Therapy initiation. The pathway from positive diagnosis to therapy initiation has tightened at most sleep services. The mask fitting, the device titration, and the early adherence support are typically completed within 2–4 weeks of the diagnostic study at most well-organised services.

Telehealth review. Telehealth follow-up after therapy initiation is now routine. The data download from CPAP devices is reviewed remotely and clinical review can be conducted by telehealth for stable patients. This has improved access and reduced clinic occupancy for routine follow-up.

What remains challenging:

In-laboratory PSG wait times. The wait time for an in-laboratory PSG remains meaningful at most services. Patients who require in-laboratory study are typically waiting longer than is clinically ideal for diagnosis.

Paediatric sleep studies. The paediatric sleep medicine service capacity in Australia remains constrained relative to demand. Paediatric in-laboratory PSG wait times are typically longer than adult wait times and the demand has been growing through 2024–25.

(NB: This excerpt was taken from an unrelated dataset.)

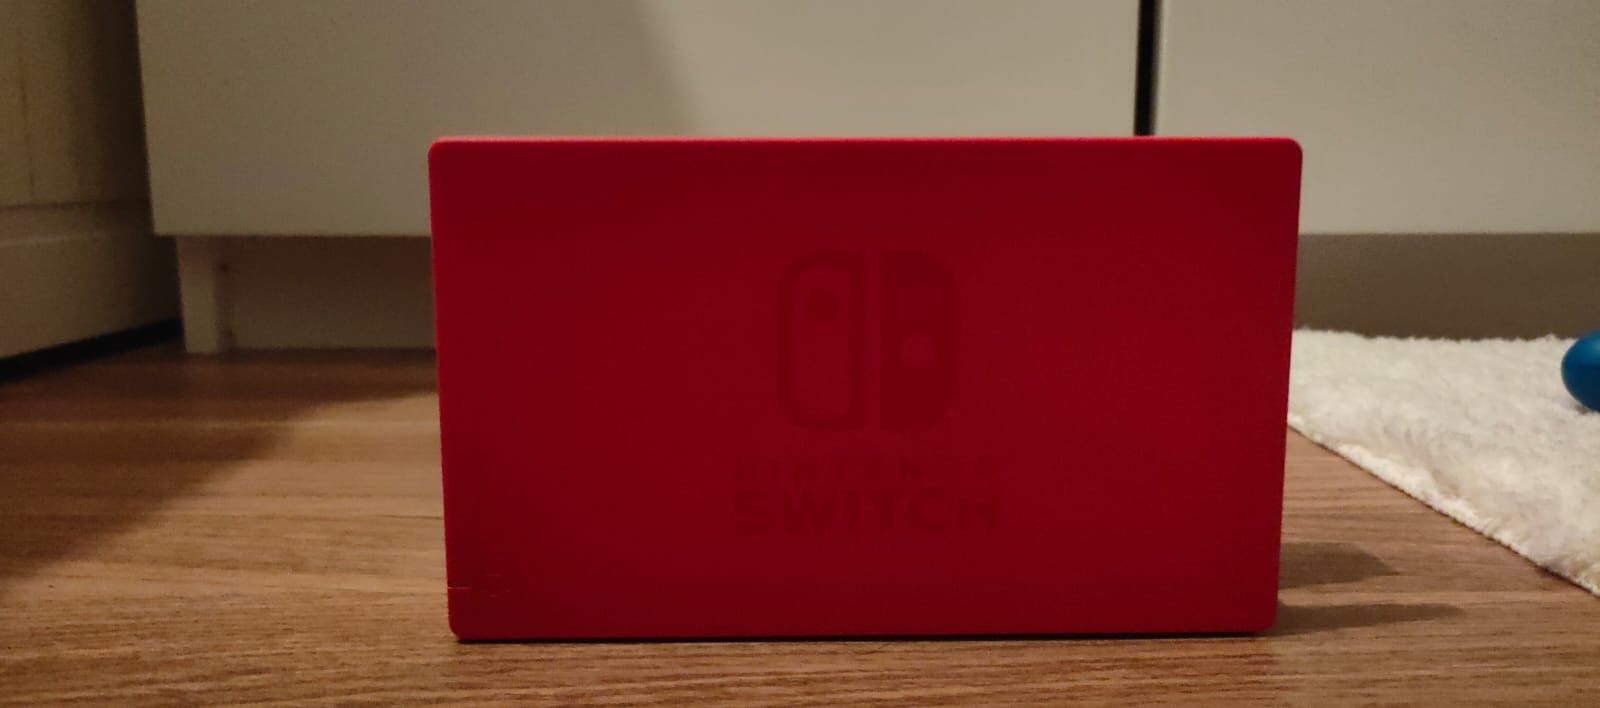 Nintendo Switch versão mario azul e vermelho com 2 jogos e acessórios

Complex sleep disorders. Patients with complex presentations — central sleep apnoea, sleep-related hypoventilation, parasomnias, REM behaviour disorder — continue to need in-laboratory studies and the diagnostic complexity is meaningful. The specialist sleep physician capacity for complex cases is the rate limiter on these pathways.

Therapy adherence. CPAP adherence at the population level remains below the clinical ideal. The work of supporting adherence in the first 90 days continues to be where the difference between successful and unsuccessful long-term therapy is made.

Operational notes for primary care and sleep services in mid-2026:

Pre-test probability matters. Patients with high pre-test probability of OSA, no complicating factors, and clear symptom presentation are well-served by HSAT as the first investigation. Patients with lower pre-test probability or complicating factors are better served by in-laboratory PSG. The triage decision affects both diagnostic accuracy and time-to-diagnosis.

Documentation of comorbidity. The referral letter that includes documented comorbidity, current medications, and previous investigations significantly speeds the sleep service triage and patient pathway planning.

Patient preparation. The patients who are well-prepared for the sleep study — informed about the device, familiar with the device night-prior instructions, comfortable with the technology — have higher first-attempt diagnostic study success rates.

Mandibular advancement therapy. For mild to moderate OSA in patients who are not CPAP-tolerant, mandibular advancement therapy through dental sleep medicine is an established alternative and the integration between sleep medicine and dental sleep medicine has continued to improve. Patients who are CPAP-intolerant should be considered for MAT review.

For Australian primary care practitioners and sleep service operators in mid-2026, the working read is that the OSA diagnosis pathway is functioning well for uncomplicated cases through HSAT-led triage, that in-laboratory PSG remains essential for complex cases but with capacity constraints, and that the work of supporting therapy adherence through the first 90 days is where the long-term clinical outcome is most influenced.

The next 12 months will likely bring continued expansion of HSAT capacity, continued telehealth integration into the follow-up workflow, and continued attention to the in-laboratory PSG wait time at most services. The pathway is broadly in good shape and the operational improvements continue.